Source Code is essentially a science fiction film for people who want to be entertained rather than taught about technology; it is less about technology, and more to do with the ethics of using said technology, with a few explosions thrown in here and there, and a love story hiding underneath. The aesthetic suggests nothing of the low budget it was shot on, and the acting is equally incredible. Let’s face it, if you want an intelligent film that will allow you to stretch your intellectual muscles you will enjoy Source Code for the brilliant and emotional journey that it is. If, however, you just fancy a thriller with a bit of fast-paced action and explosions you needn’t worry because Source Code caters to this audience also. First Moon, now Source Code... something tells me that Duncan Jones has a lot more up his sleeve, and he’s only just getting started.
The special features on the DVD are a strange amalgamation of high quality and not so high quality. The highlight of the extras is the detailed ‘behind the scenes’ interviews with the cast and crew, such as Jake Gyllenhaal and Duncan Jones himself, about the various aspects of the film.
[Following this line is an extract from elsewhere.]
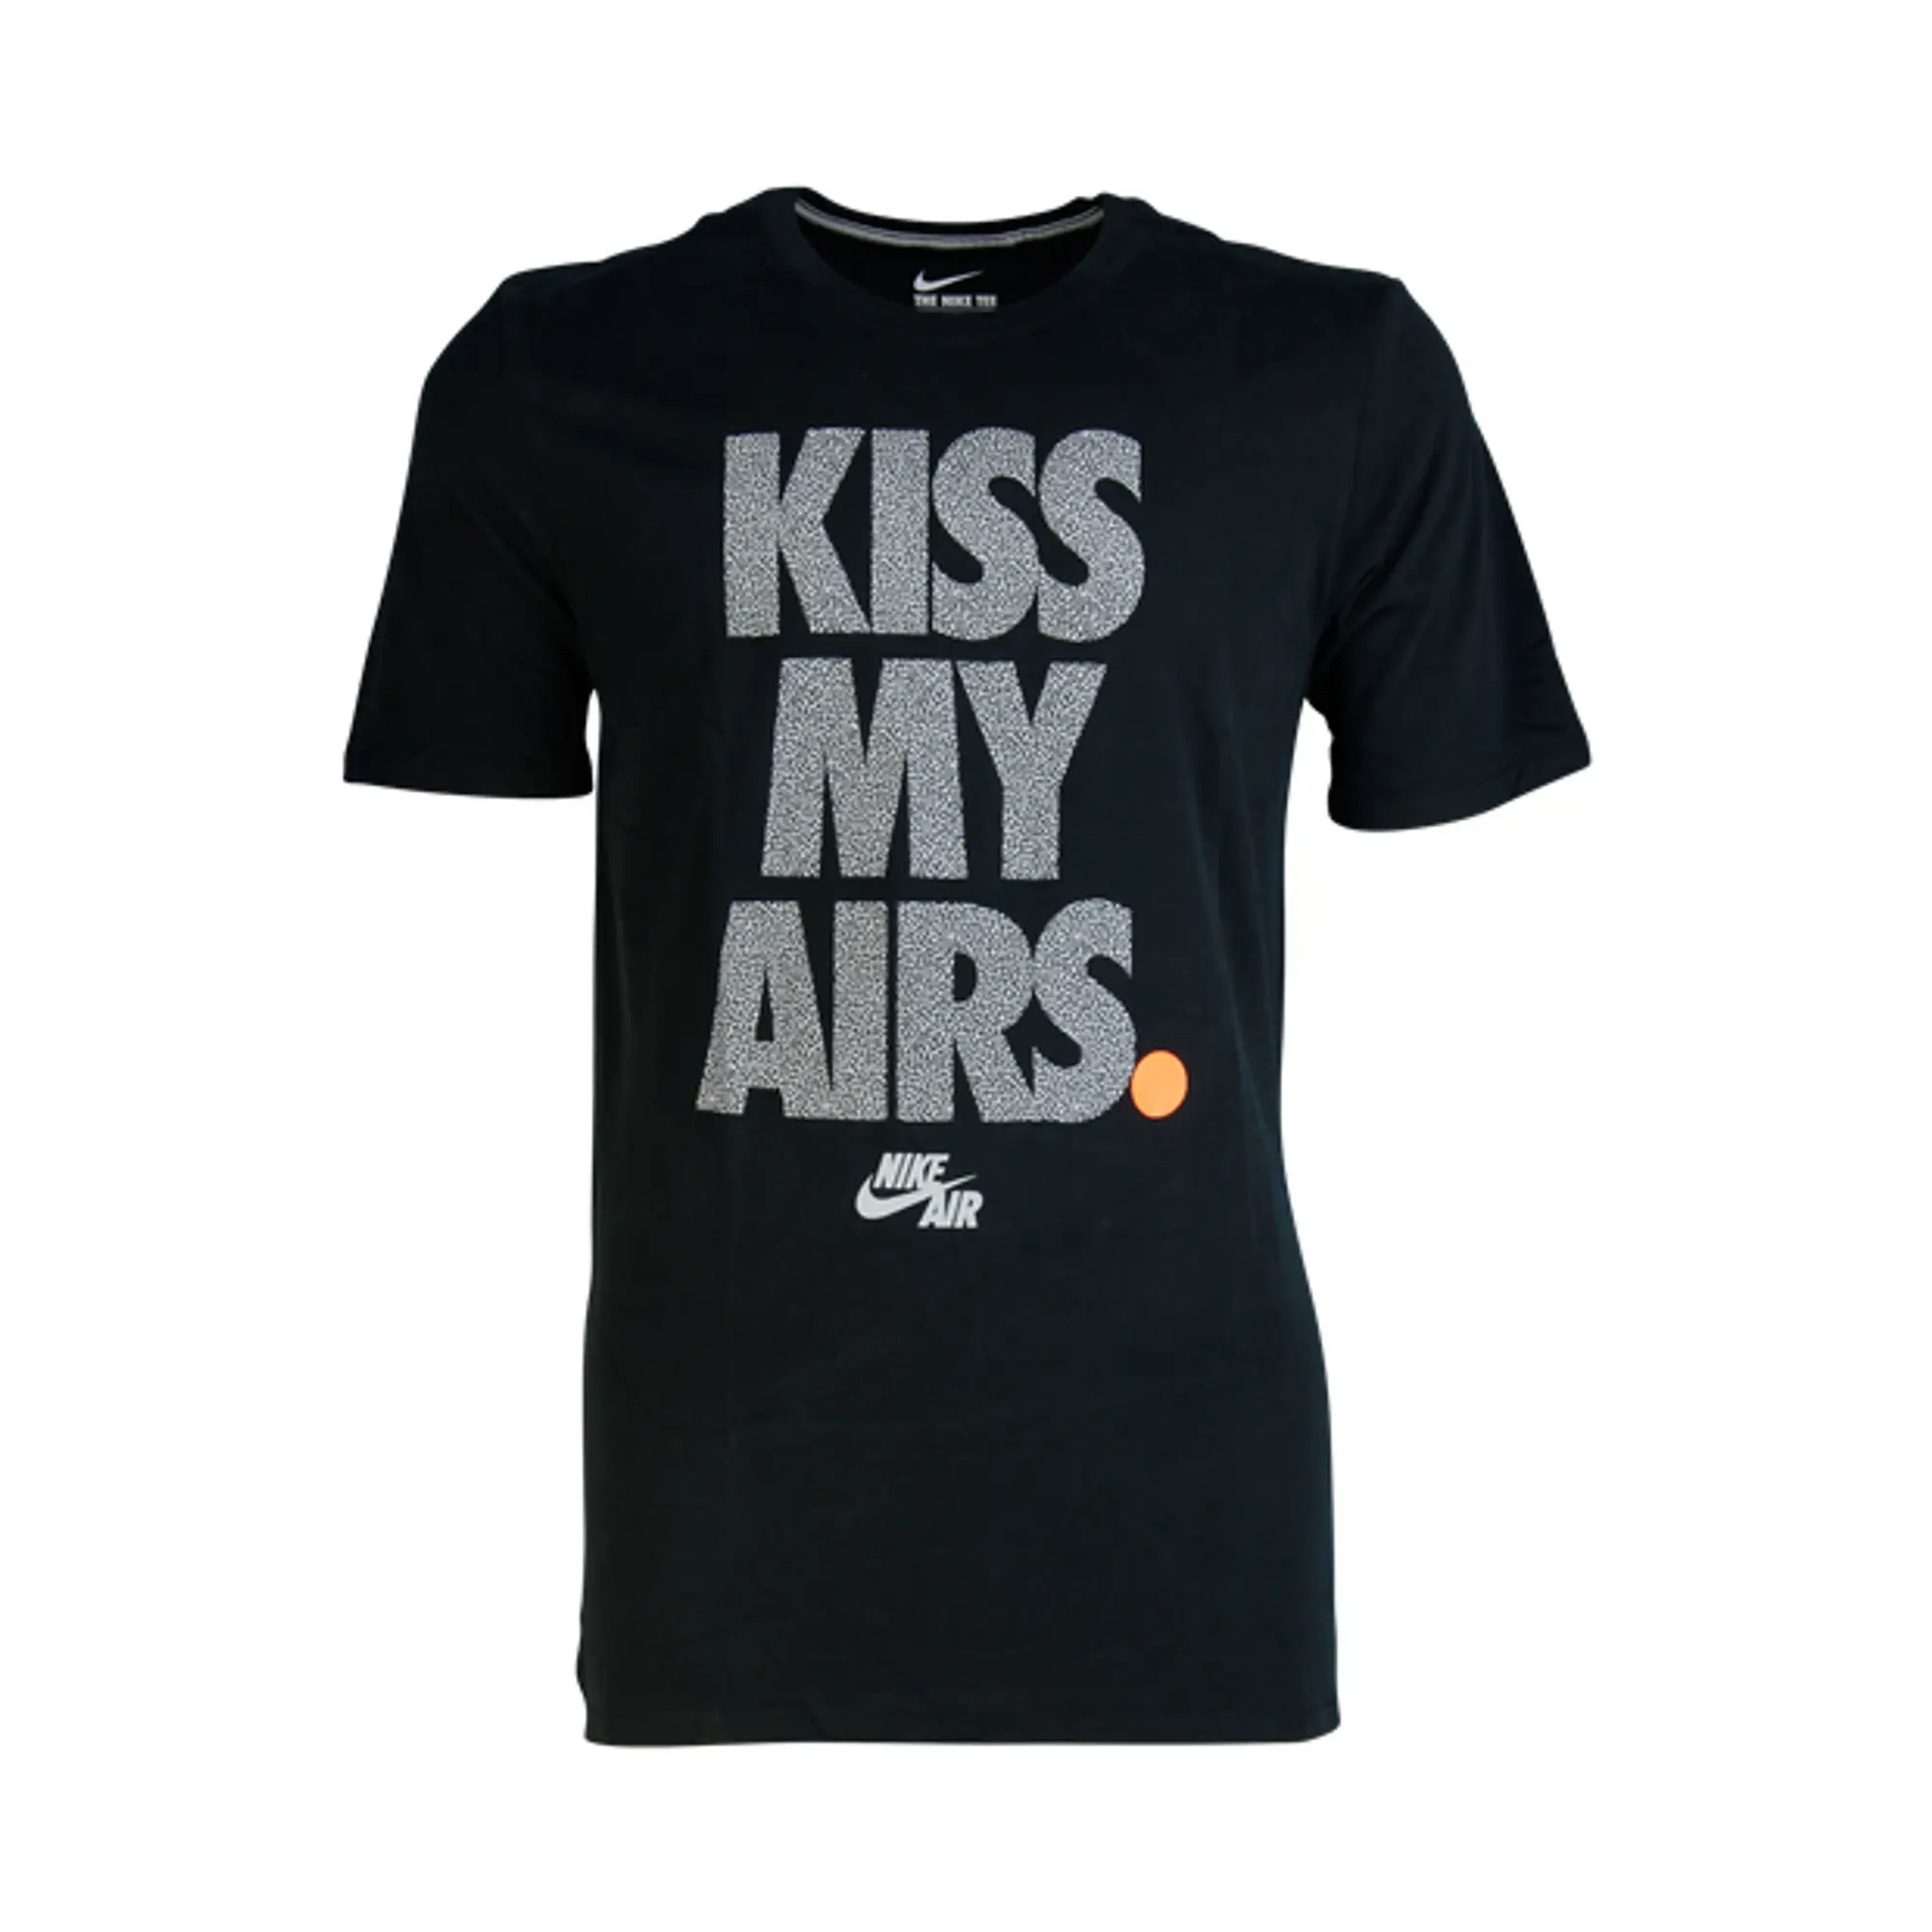 Nike Air Kiss My Airs Tee - Black

It is always enjoyable to watch actors and directors talk about their time on set, especially when you can tell that everyone loved working on the film, and these interviews communicate that information while spanning a wide variety of subject matter, giving keen insight into both the filming process and the acting process.
Another part of the special features is the audio commentary with actor Jake Gyllenhaal, director Duncan Jones, and writer Ben Ripley. I’m a big fan of audio commentaries, as they often provide information and jokes that you would otherwise be unaware of. You get the chance to listen to the people who worked first-hand on the film divulge in-jokes and even fascinating stories about what decisions were made, and why. This commentary delivers on all of those levels; after all, who better to talk about the film than the writer, the director, and the main actor?
The feature which explains in more detail, and in simplified terms, the scientific concepts of the film (such as quantum mechanics) would be useful to any viewer interested in the parts of the film that are based in scientific fact. Unfortunately, having praised the previous special features for their quality, I cannot say the same for all of it. One feature, ‘Expert Intel’, involves a rather boring monologue from a scientist, and yet another feature involves watching the film itself with occasional bodies of text popping up on screen with random bits of information about time-travel films. These features let down the DVD a bit, but the interviews and audio commentary are definitely worth a watch.